President Saparmurat Niazov, who likes to be called Turkmenbashi or “Leader of the Turkmen”, first hinted at the upcoming job losses at a cabinet meeting on August 18, where he warned newspaper editors that a planned wage increase for public-sector employees would have to be offset by savings.
Plans to sack reporters have already filtered down to those likely to be affected.
“There are more than 40 people working in our editorial office now,” said one of the longest-serving journalists in the eastern Lebap region, who spoke to IWPR on condition of anonymity. “But according to a new staff list – which came down from the very top – we’ll be able to retain only 24. Our editor-in-chief’s head is spinning. One colleague is the sole breadwinner in a very large family, another is a single mother of young children. Who’s going to be sacked?”
The reporter said that while several members of staff were past retirement age, the quality of the newspaper – already poor - would suffer dramatically if they were sacked, as the younger members of staff had no training and would not be able to cope.
“Turkmen universities don’t train reporters, and the state forbids us to employ those who graduated from journalism schools in Russia or Uzbekistan after 1993. So we have hardly any qualified staff,” he said. “At one point we were employing people who walked in off the street. As long as you could write articles without making too many mistakes and proofread a page, you were qualified to work on the paper.”
There is no independent media in the former Soviet republic, and the complete lack of free speech is compounded by the personality cult surrounding Turkmenbashi.
As well as articles praising the president’s self-penned “spiritual guidebook”, the Rukhnama, Turkmen journalists often find themselves writing about Turkmenbashi and his family, rather than the real issues affecting local people.
“Last year was named after the president’s late mother, who is always referred to as Hero of Turkmenistan Gurbansoltan-edje.
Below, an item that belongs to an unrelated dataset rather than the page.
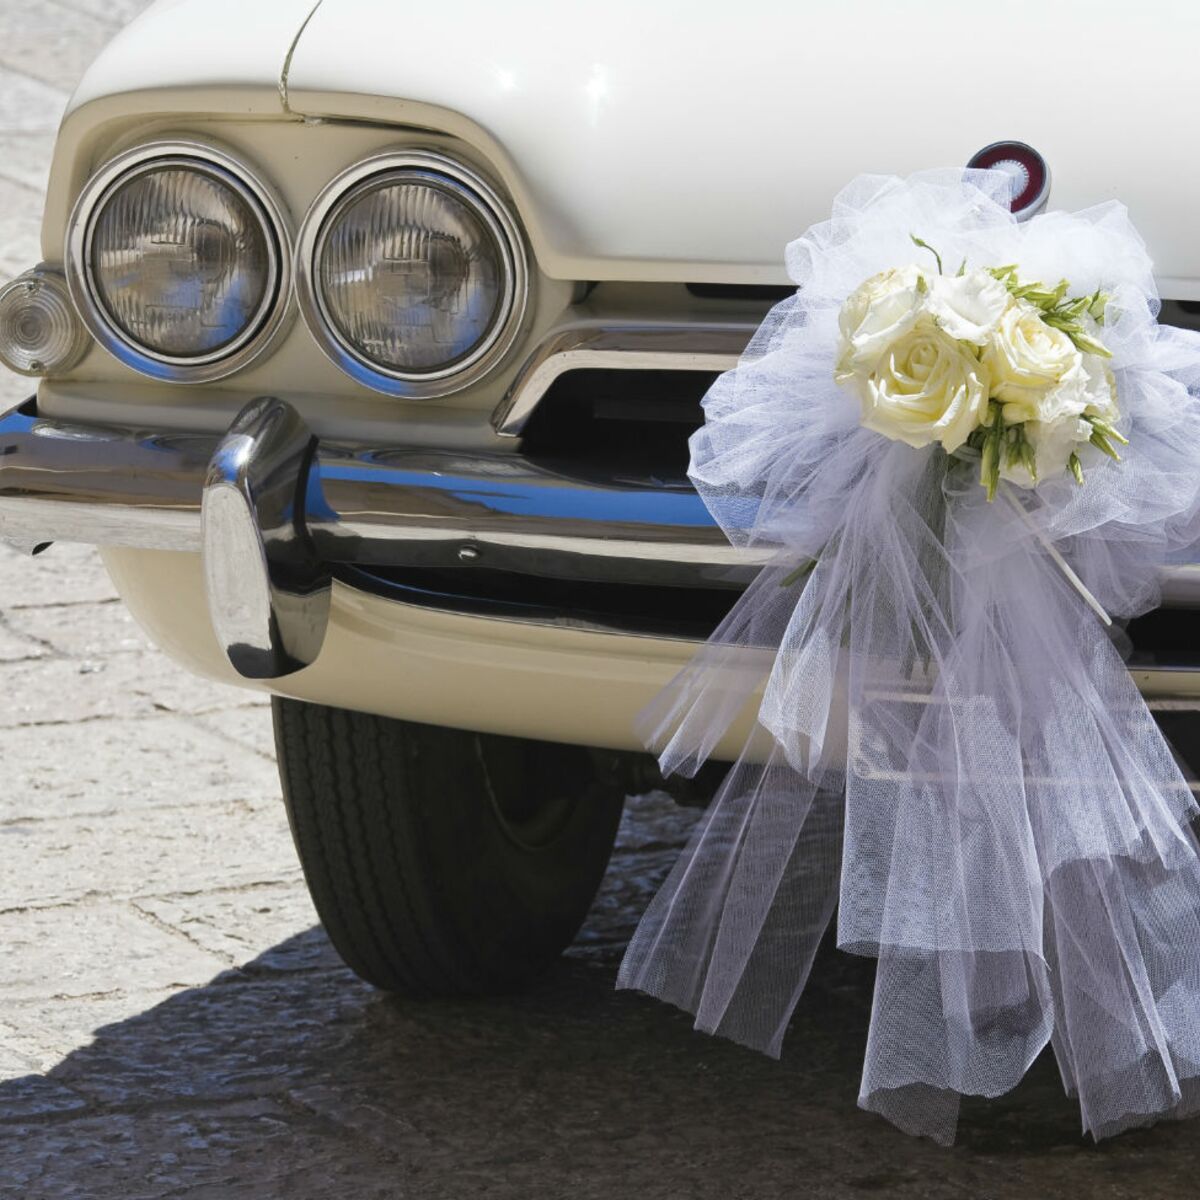 La décoration de voiture de mariage - c'est faisable!  Voiture mariage, Décoration  voiture mariage, Voiture de mariés

So we peppered all of our articles - even those that dealt with economic or environmental issues - with praise for the woman who gave the Turkmen people such a wise and shrewd leader,” said one journalist. “This year is named after the Hero of Turkmenistan Atamurat Niazov, Turkmenbashi’s father. Now our articles mention him more often than they do the latter.
This man concluded bitterly, “To be frank, we journalists have already forgotten how to prepare a proper news story on the numerous problems facing the Turkmen people - prostitution, rising drug addiction among young people, official corruption, and the involvement of young children in cotton harvesting.”
One reporter from the Ahal Durmushi newspaper told IWPR that the reputation of Turkmenistan’s press was now so bad that journalists were treated with the utmost contempt.
“Journalists are denied access to information, which makes it very difficult for us to work,” he said. “Managers either give flimsy excuses not talk to us, or they tell us straight out that they won’t speak on any condition, because in any case the state press won’t criticise them for snubbing journalists.
“So here we are, missing the good old days of perestroika and glasnost when we journalists could influence the course of events, shape public opinion, and have our voices heard.”
The public has little time for the state newspapers’ continual diet of adulation of the head of state. Hundreds of unsold copies are bought in bulk by street vendors who use them to make the paper cones in which they sell sunflower seeds, or by people who need cheap table covers for weddings.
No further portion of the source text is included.